PROVIDED DATA.

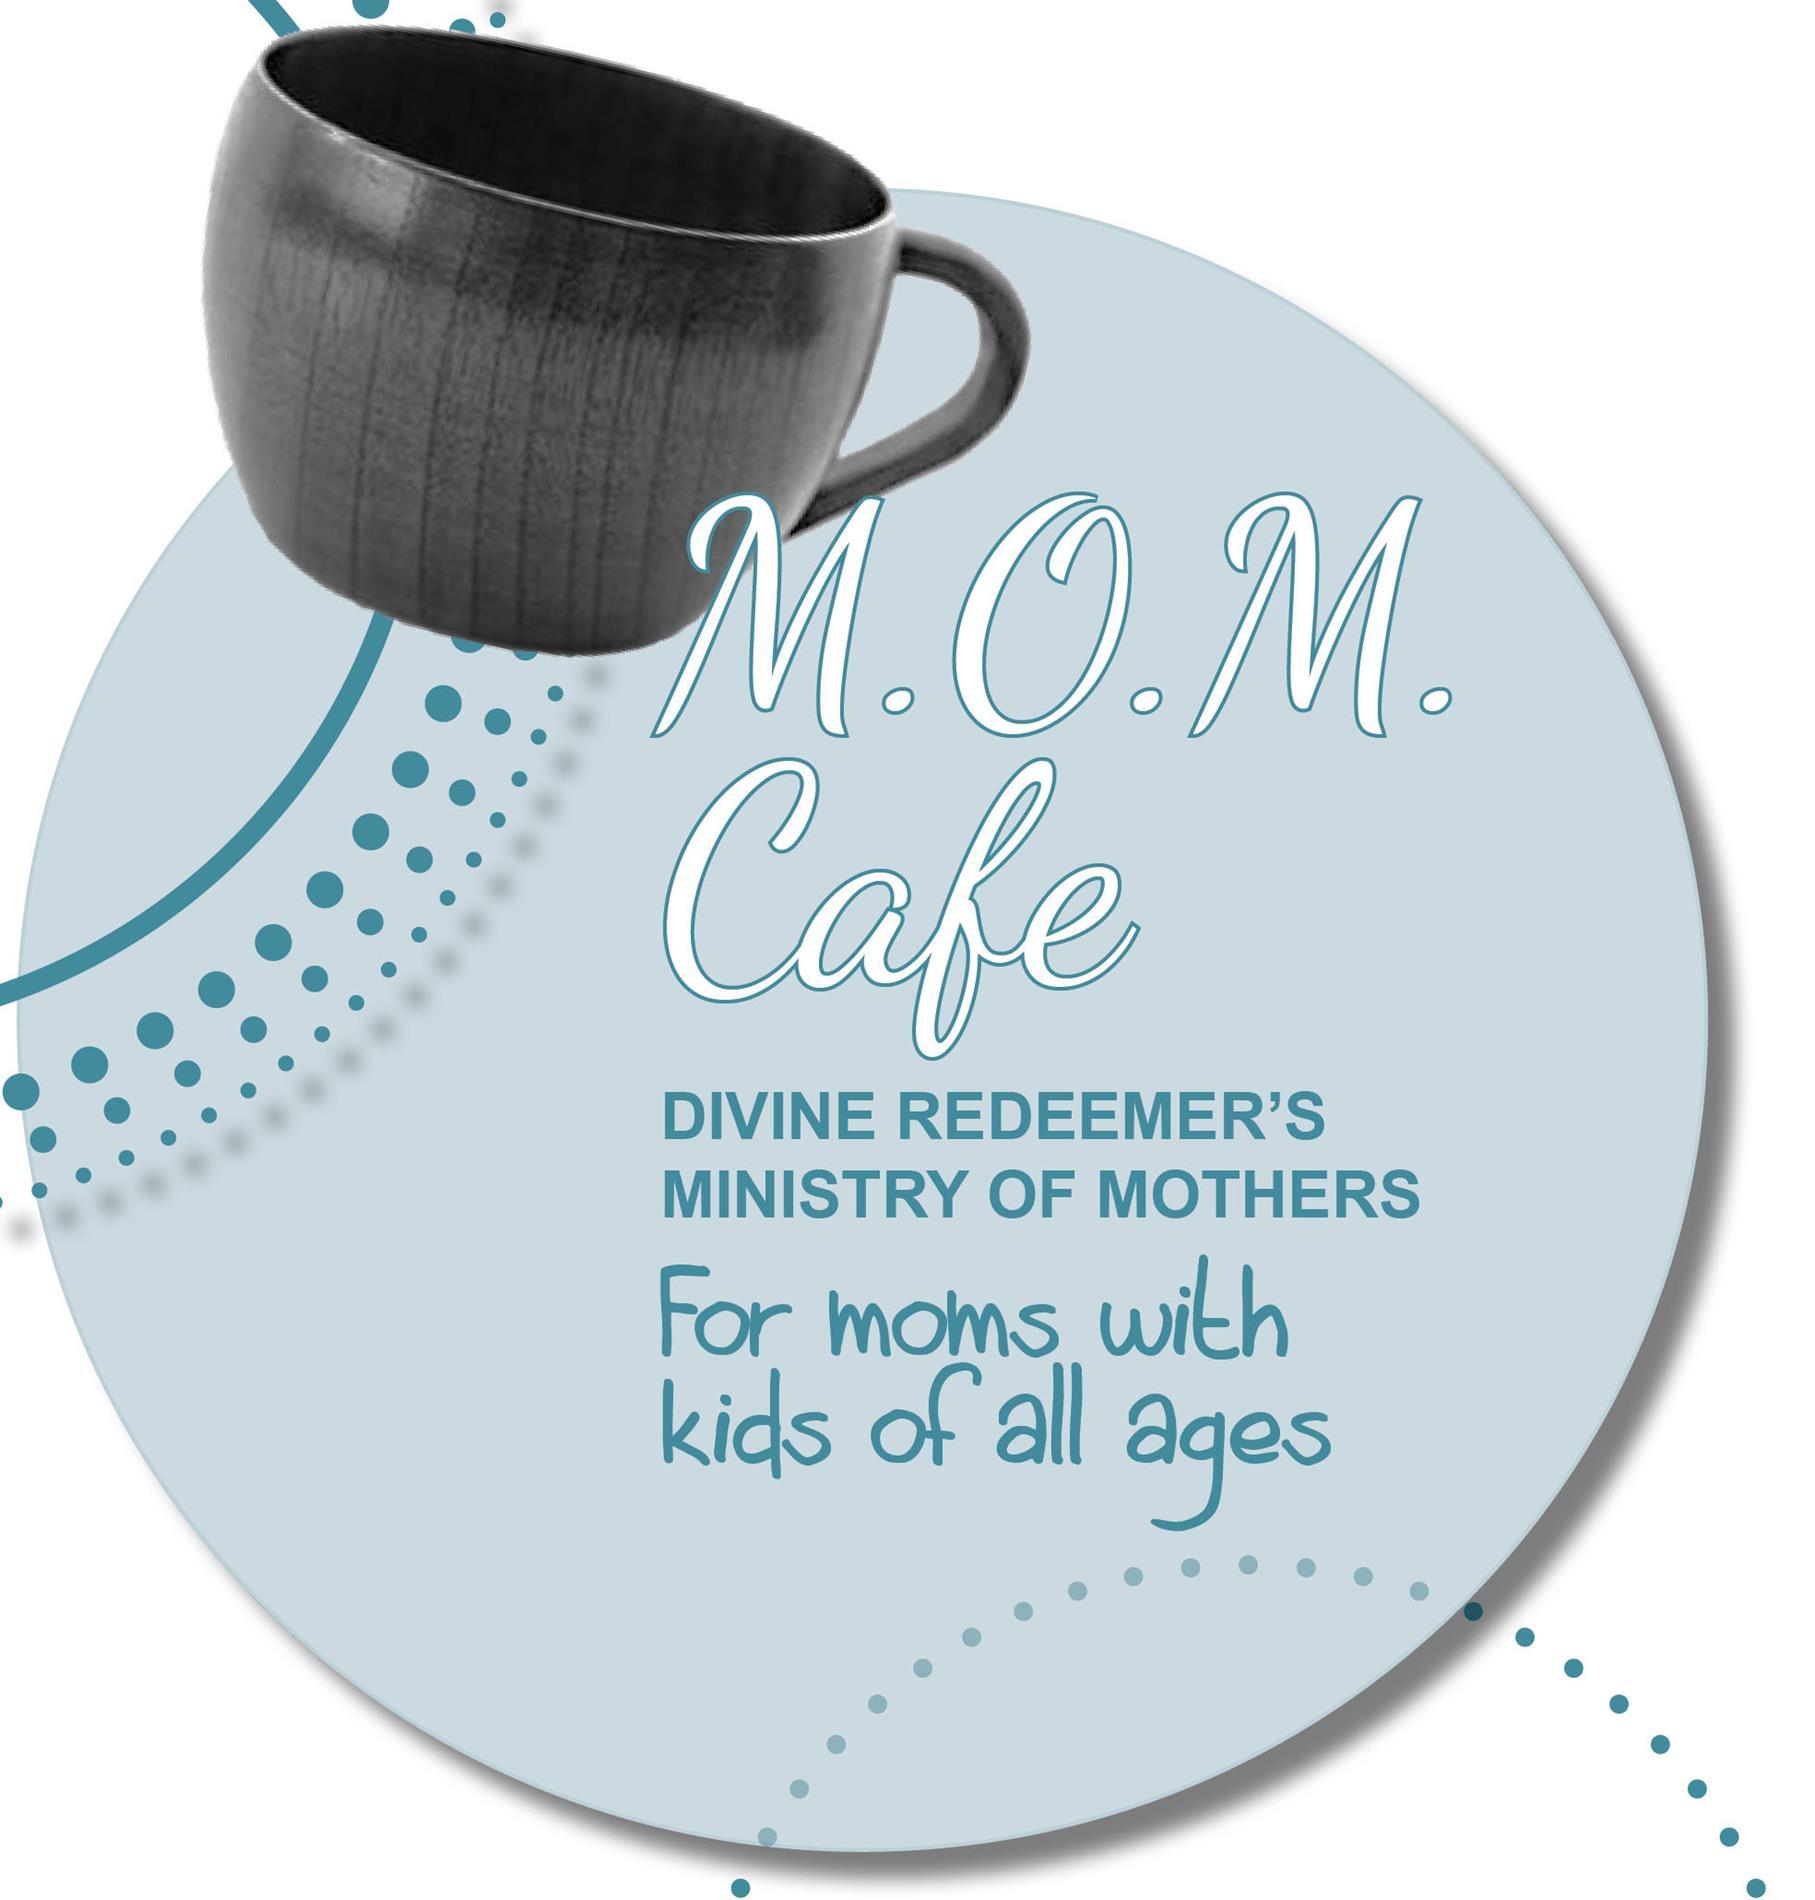 MOM cafe logo
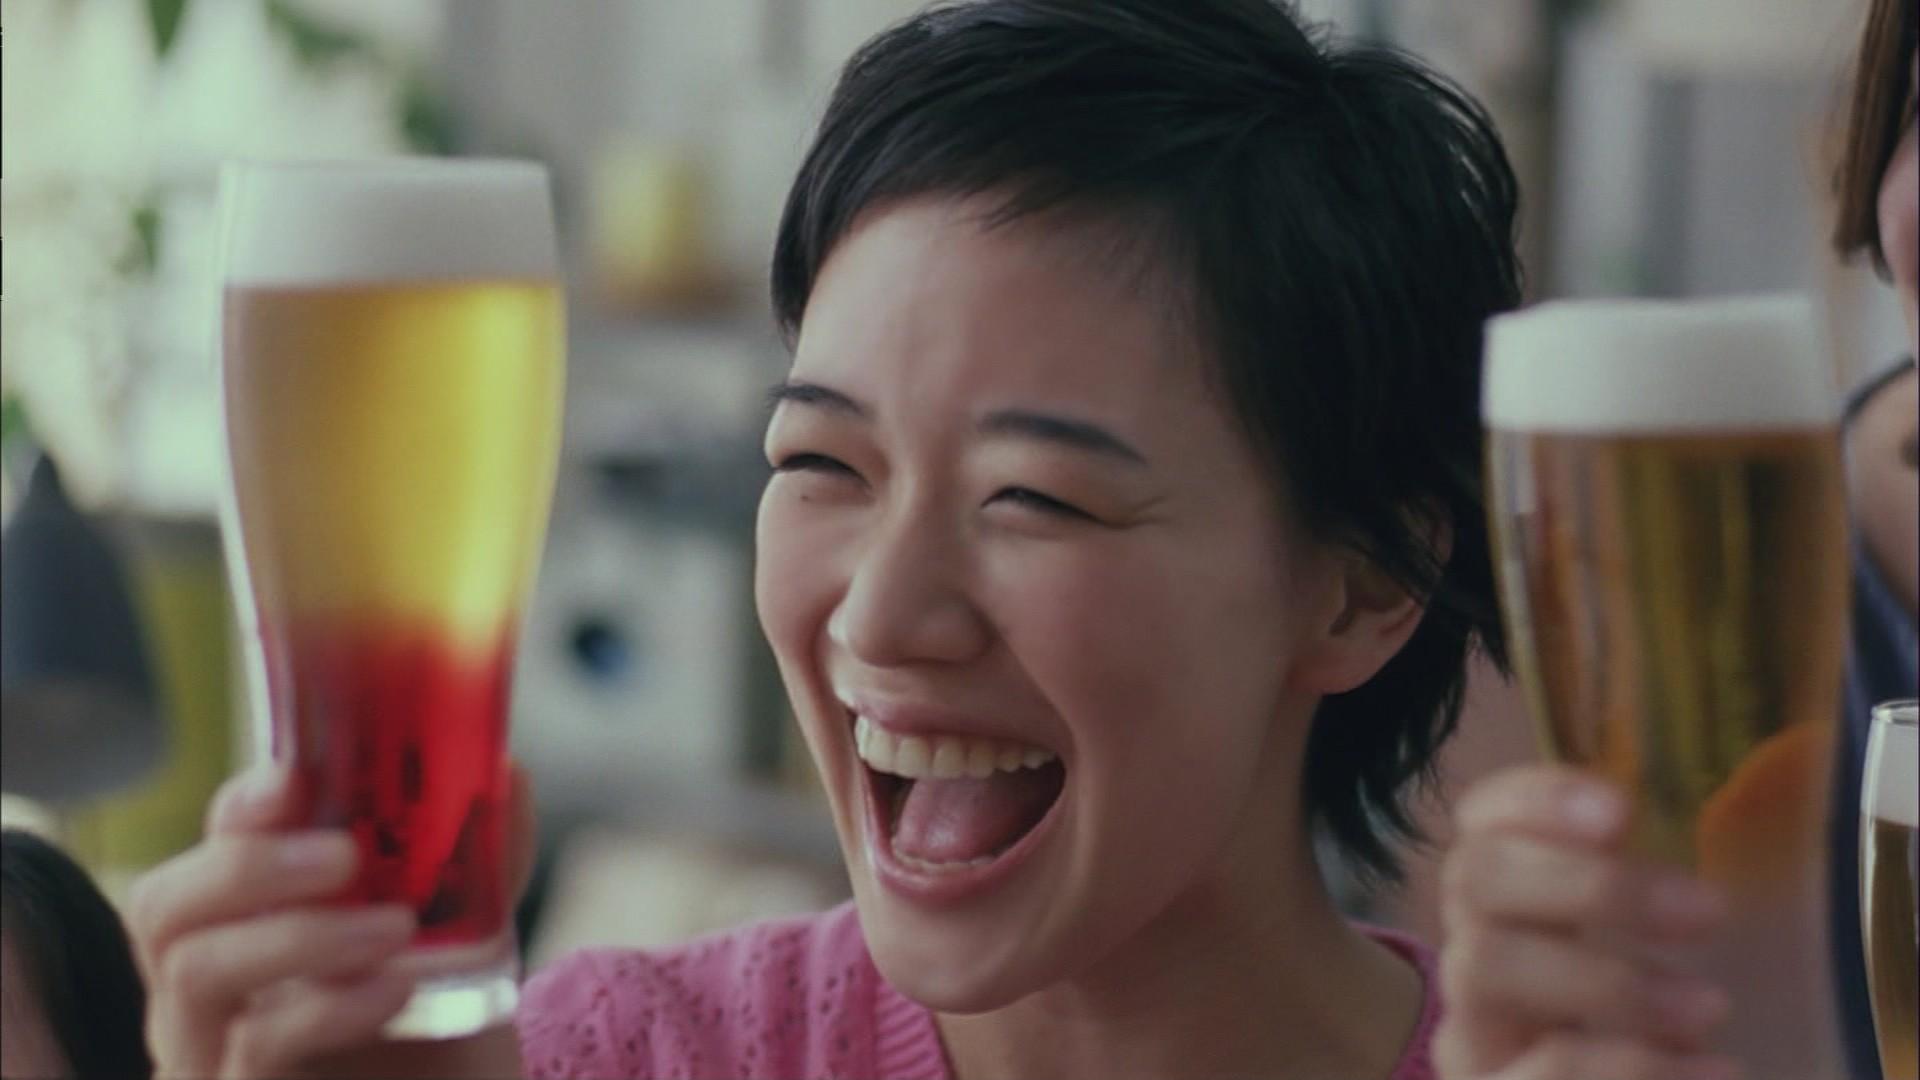 ビールで乾杯をする蒼井優
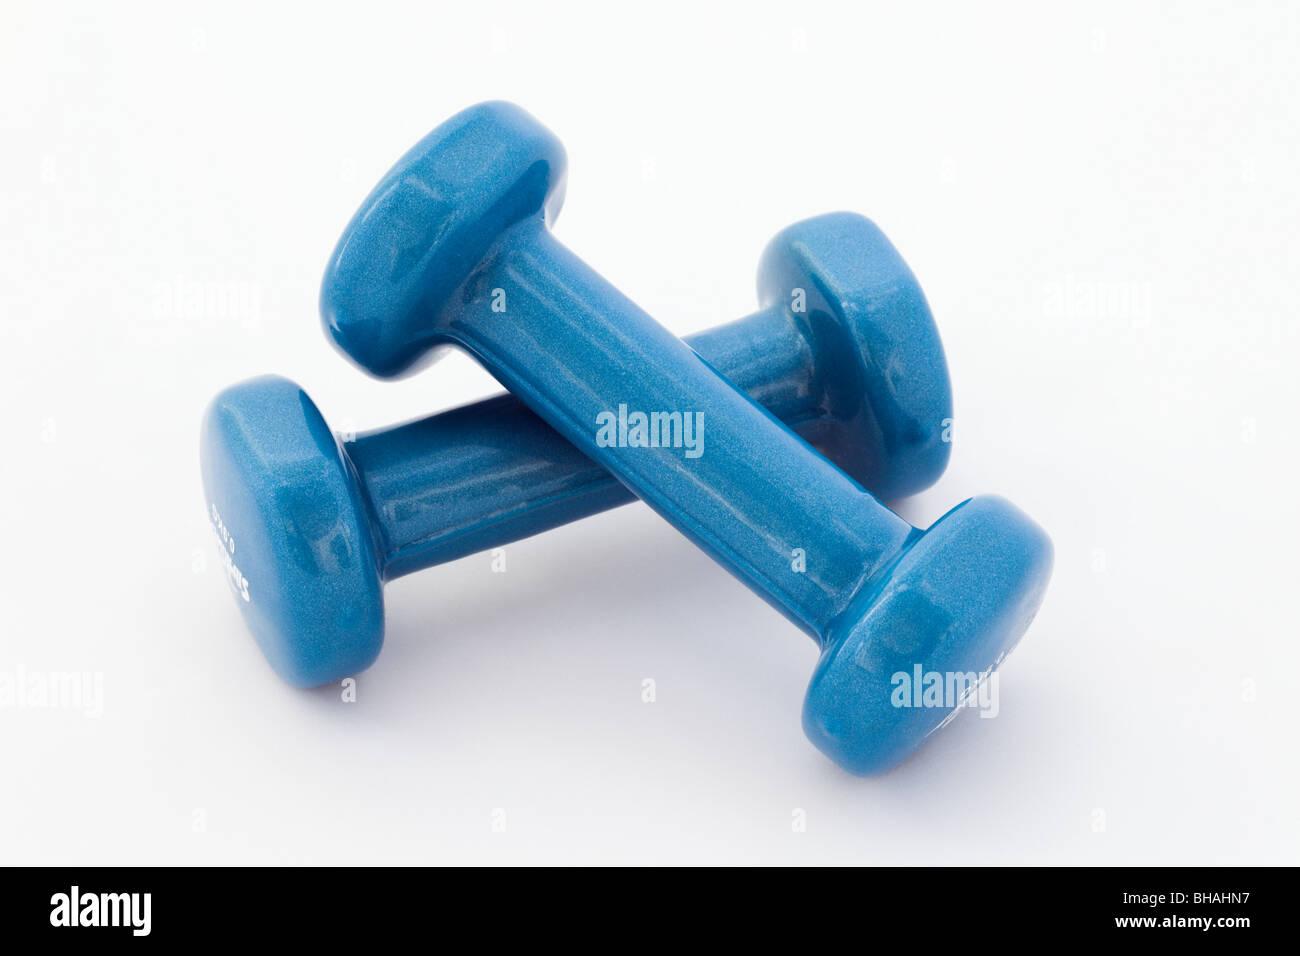 Par de azul pequeño pesa ejercicio pesas cortan y aislado sobre un fondo blanco. Foto de stock

WHAT TO WORK ON. Output each of the lines above exactly, apart from the images.

ANSWER SECTION.
 MOM cafe logo
 ビールで乾杯をする蒼井優
 Par de azul pequeño pesa ejercicio pesas cortan y aislado sobre un fondo blanco. Foto de stock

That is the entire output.